5. The programme must meet real, not imagined needs. It should not reflect the political agendas of governments; nor should it be a public relations exercise for the judiciary as a whole or for those judges and others who may be running it. The governing body should have no role beyond provision of the programme. In particular, it should not make public statements other than about the programme.

6. The programme must recognize that different judges have different needs. It is unlikely that any one course will be suitable for all judges. We should not assume otherwise simply to indulge a desire to be seen to be educating as many judges as possible with the available resources.

7. The programme must also recognize that judges are people who have already achieved substantial advancement.

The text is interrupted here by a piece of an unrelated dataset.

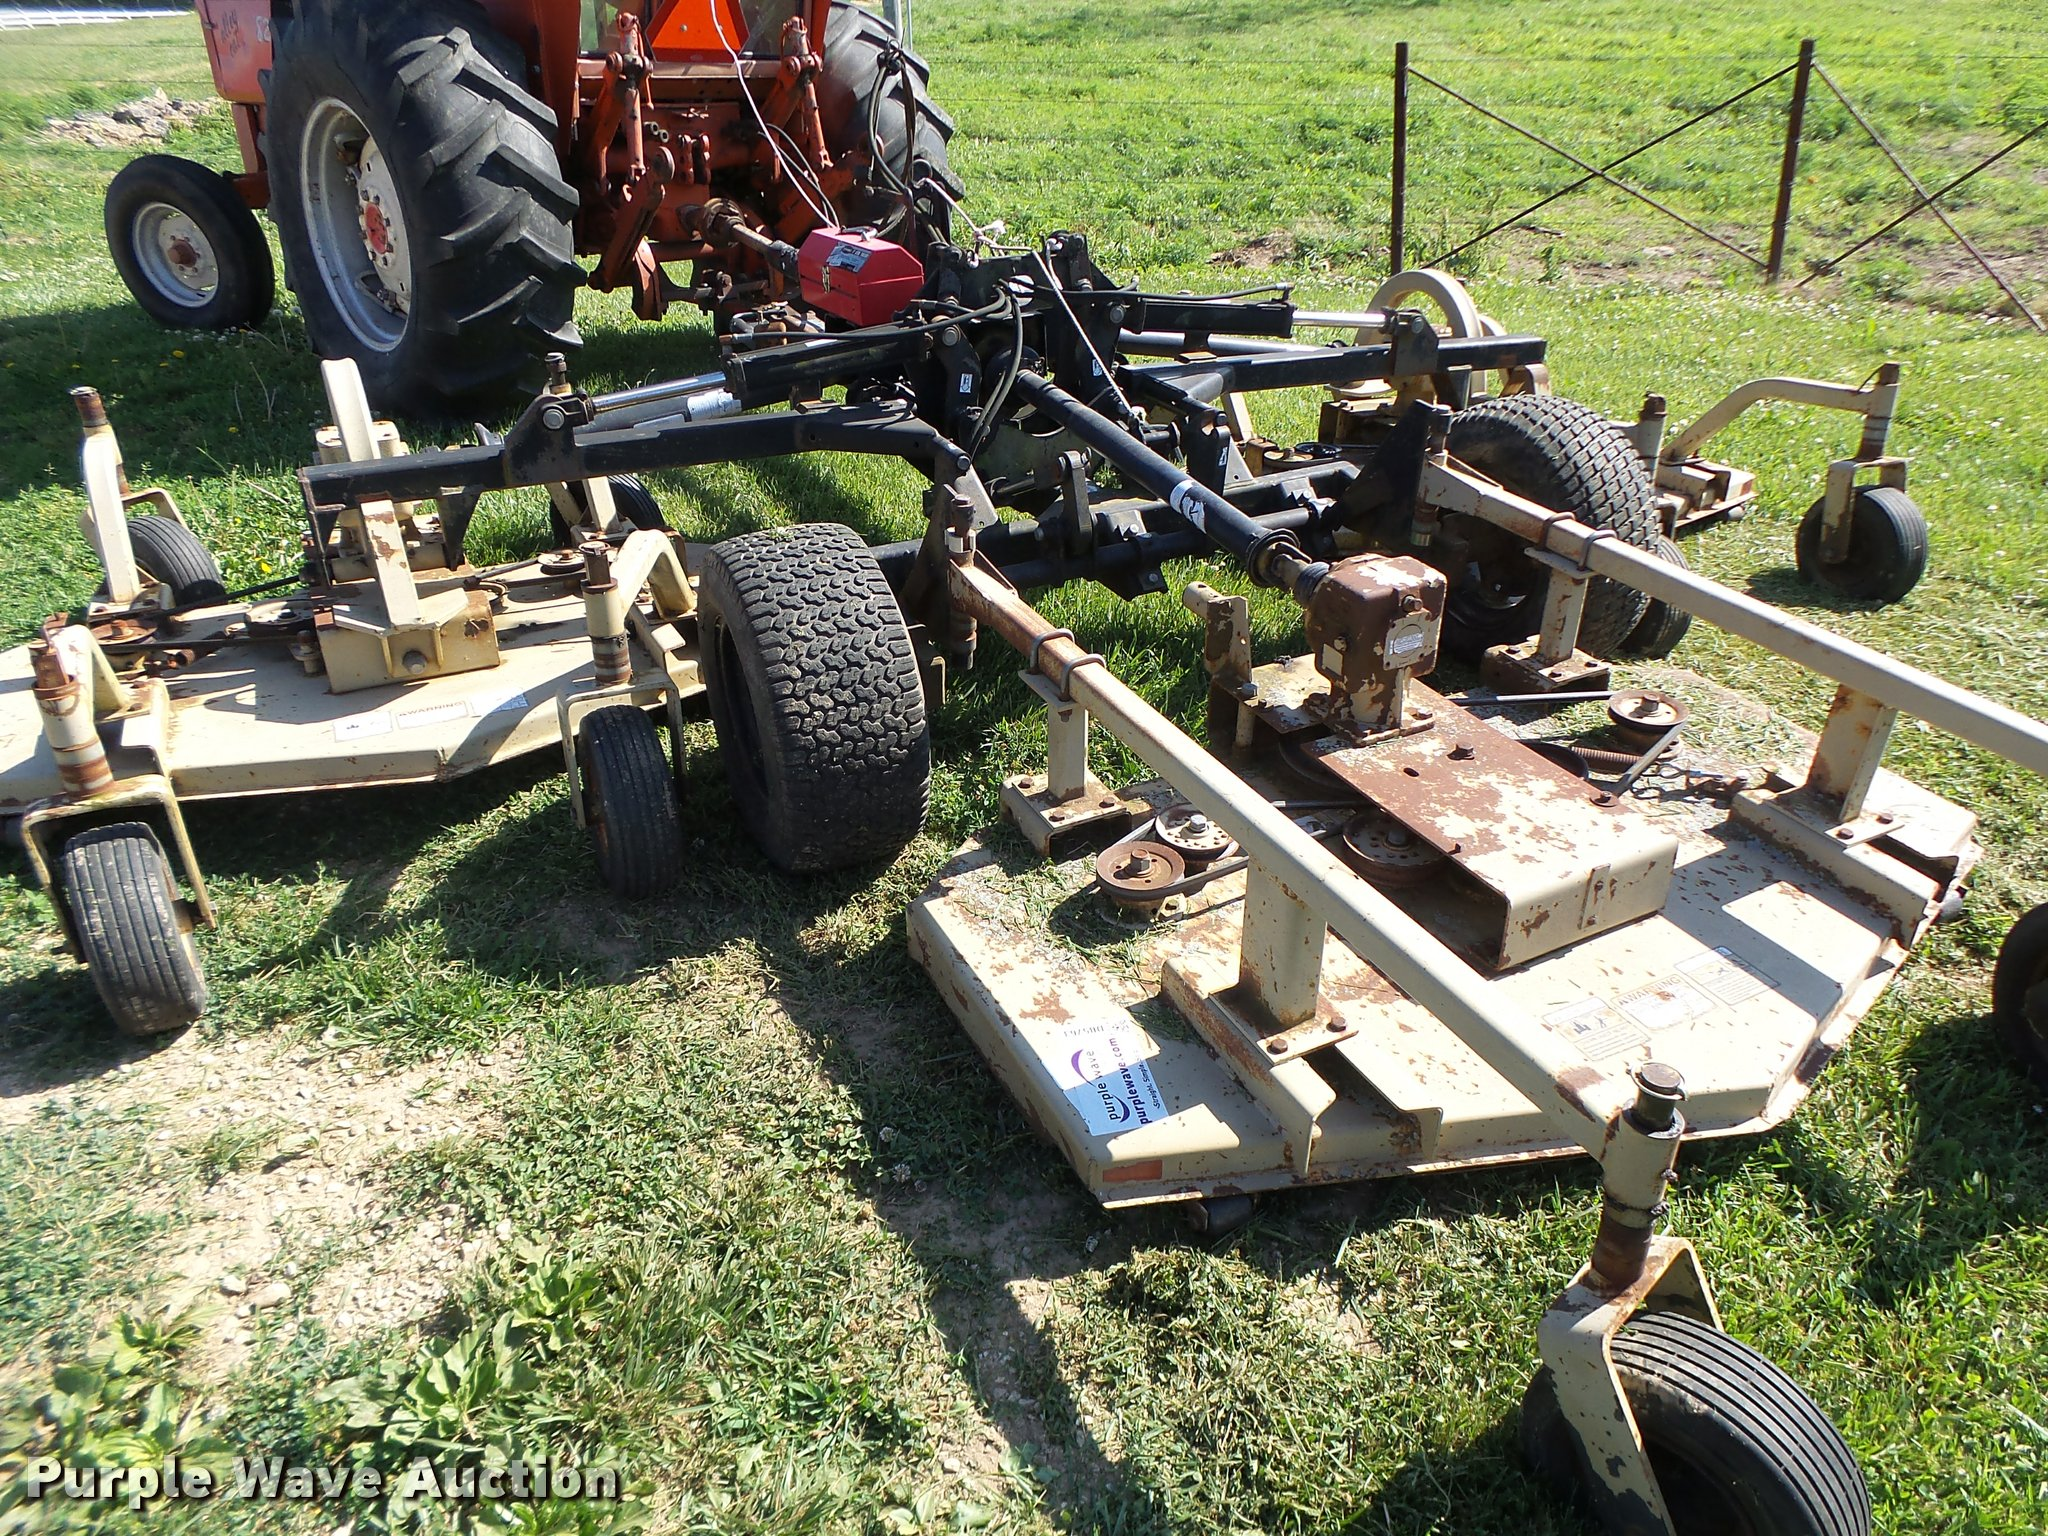 Land Pride AFM40168 batwing finish mower | Item DB5763 | SOL

They are well-educated and experienced. Course design and methods should recognize this. There is unlikely to be much room for formal lectures. The emphasis should be on self-teaching in small discussion groups, based on well-planned, practical problems. Courses so designed could be easily conducted at various places around the country.

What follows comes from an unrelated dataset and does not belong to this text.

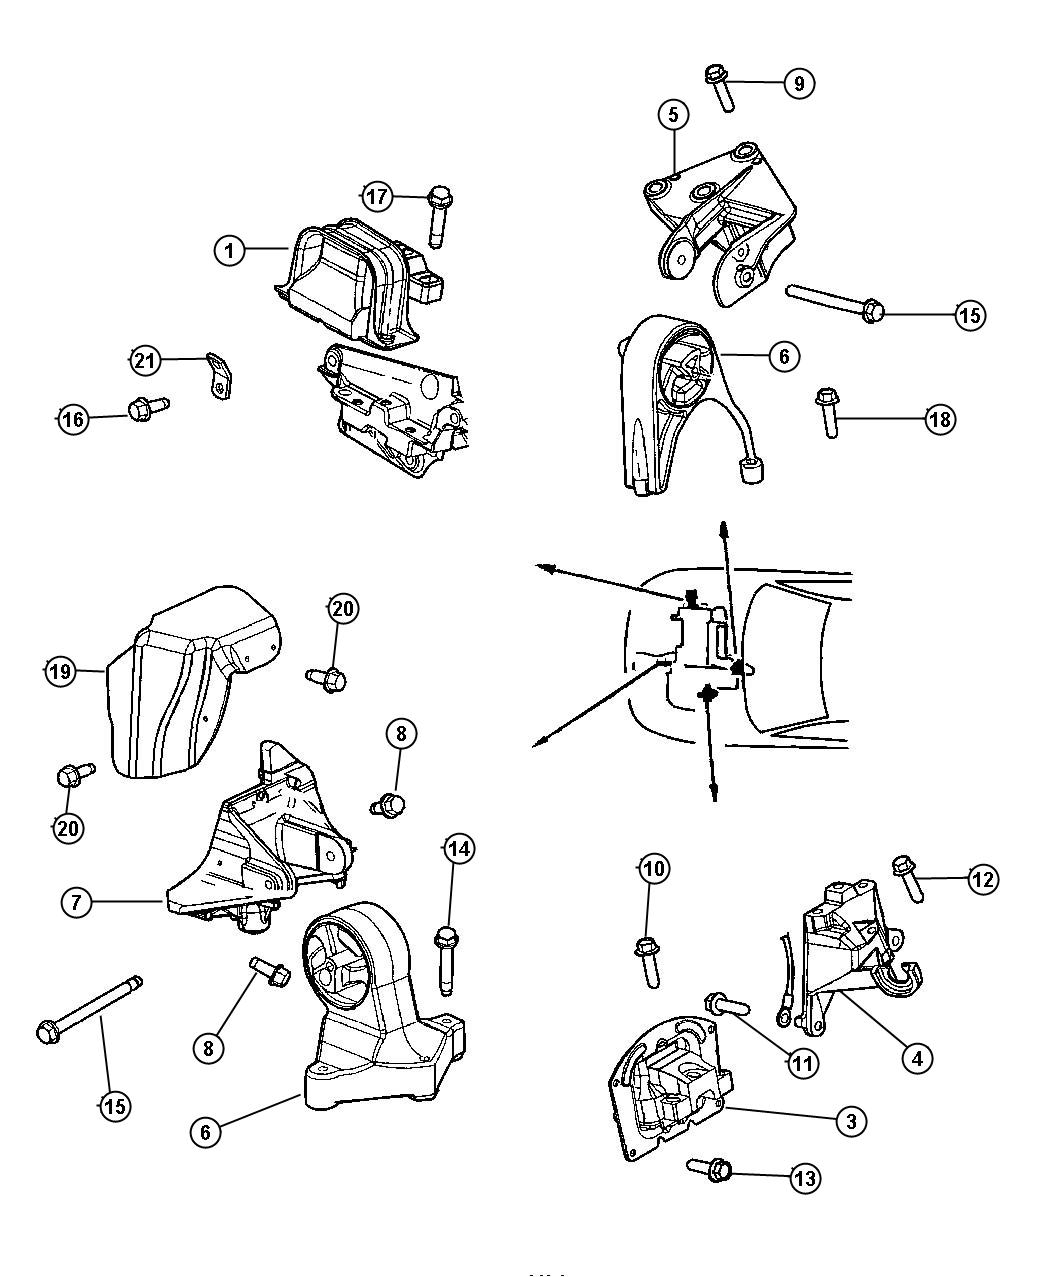 Chrysler Sebring Bolt, used for: bolt and coned washer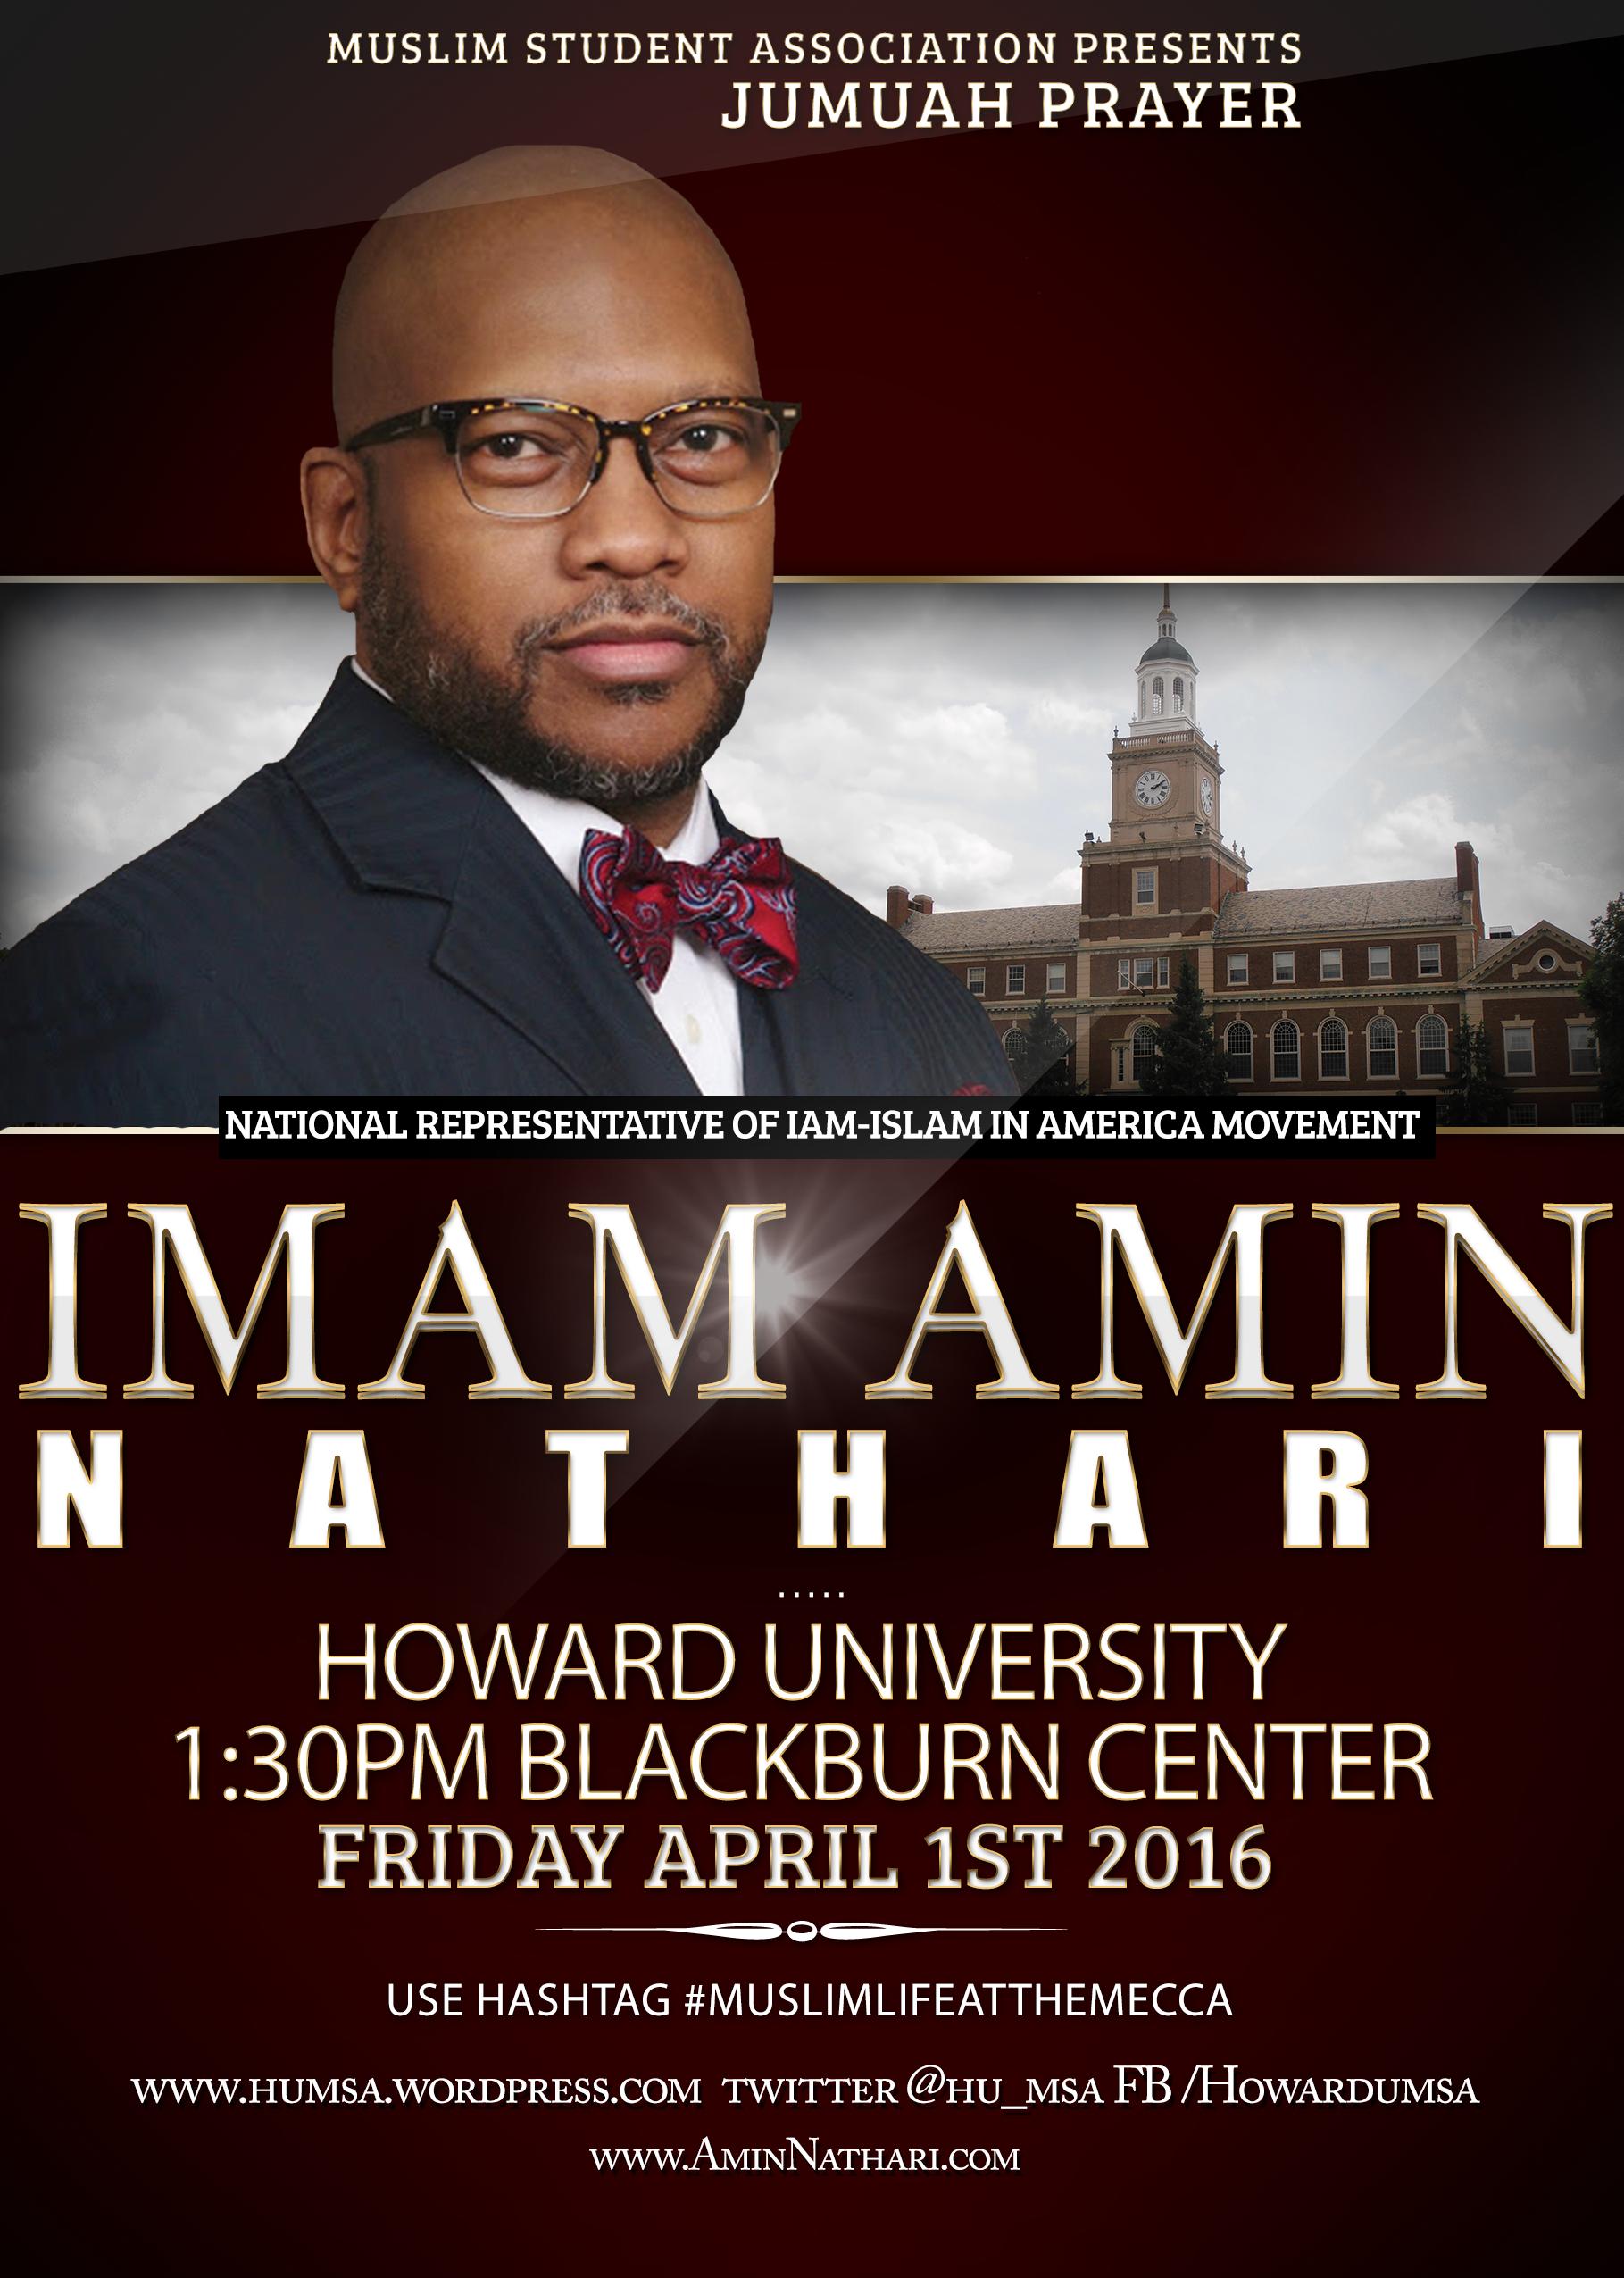 imam-amin-nathari-jumuah-at-howard-university-april-1-2016-mecca-digitale

8. There should be no attempt to standardize judicial approaches to problems or issues or to label any approach as "right" or "wrong", nor should there be any public comment upon the extent to which any judge, in his or her work, has complied with, or failed to comply with approaches suggested in the course of the programme.

9. We should avoid emphasis on the role of teachers in the programme, rather stressing its self-educative nature. Staff should guide discussion and encourage participation, but should not be seen as a faculty separate from the students. They should generally be experienced and respected judges. Staff should change regularly to maximize input from the whole judiciary and to avoid the institutionalization of the views of a small group.

10. Attendance must be voluntary, and performance must not be assessed in any way. There should be no course reports on individual performances.

FUNDING

Finally, let me say something about money. This could be a very elaborate or a very modest affair. Judges involved in the programme in any capacity will have to be released from other duties. This will create a need for more judges. If the programme is conducted centrally, there will be substantial travel and accommodation expenses. There will obviously be office expenses, including rent, secretarial costs and possibly the cost of a professional co-ordinator, although there may be suitable retired judges willing to act in an honorary capacity.

Once again, I stress the need to avoid empire-building.

Since writing this, it has occurred to me that the funding issue may be more sensitive and difficult than I initially imagined. Governments are not uniform in their attitudes to funding judicial education activities. I am familiar with the positions in the Supreme Court of Queensland and in the Federal Court. In the former, individual judges have, in effect, their own allowances for such activities. In the latter, there is a budgeted amount which is distributed by the Chief Justice. Presumably, other courts have similar arrangements. I suspect that relevant governments would expect courts to meet the cost of attending judicial education courses from existing resources. Such courses would therefore have to compete for support with other activities, some of which may be more attractive, particularly those involving overseas travel. It would be unfortunate, even counter-productive, if a proliferation of judicial education opportunities were to reduce support for well-established activities such as annual or biennial national conferences, AIJA activities and activities of the Judicial Conference, or travel opportunities.

CONCLUSION

In conclusion, I suggest four key characteristics for any programme of judicial education or training:-

1. The programme must meet real needs.

2. The administrative structure must be as simple as possible and as de-centralized as possible.

3. As many judges as possible must be involved at all stages.

4. The programme must be seen as an opportunity to share experiences rather than as one in which there are teachers and students.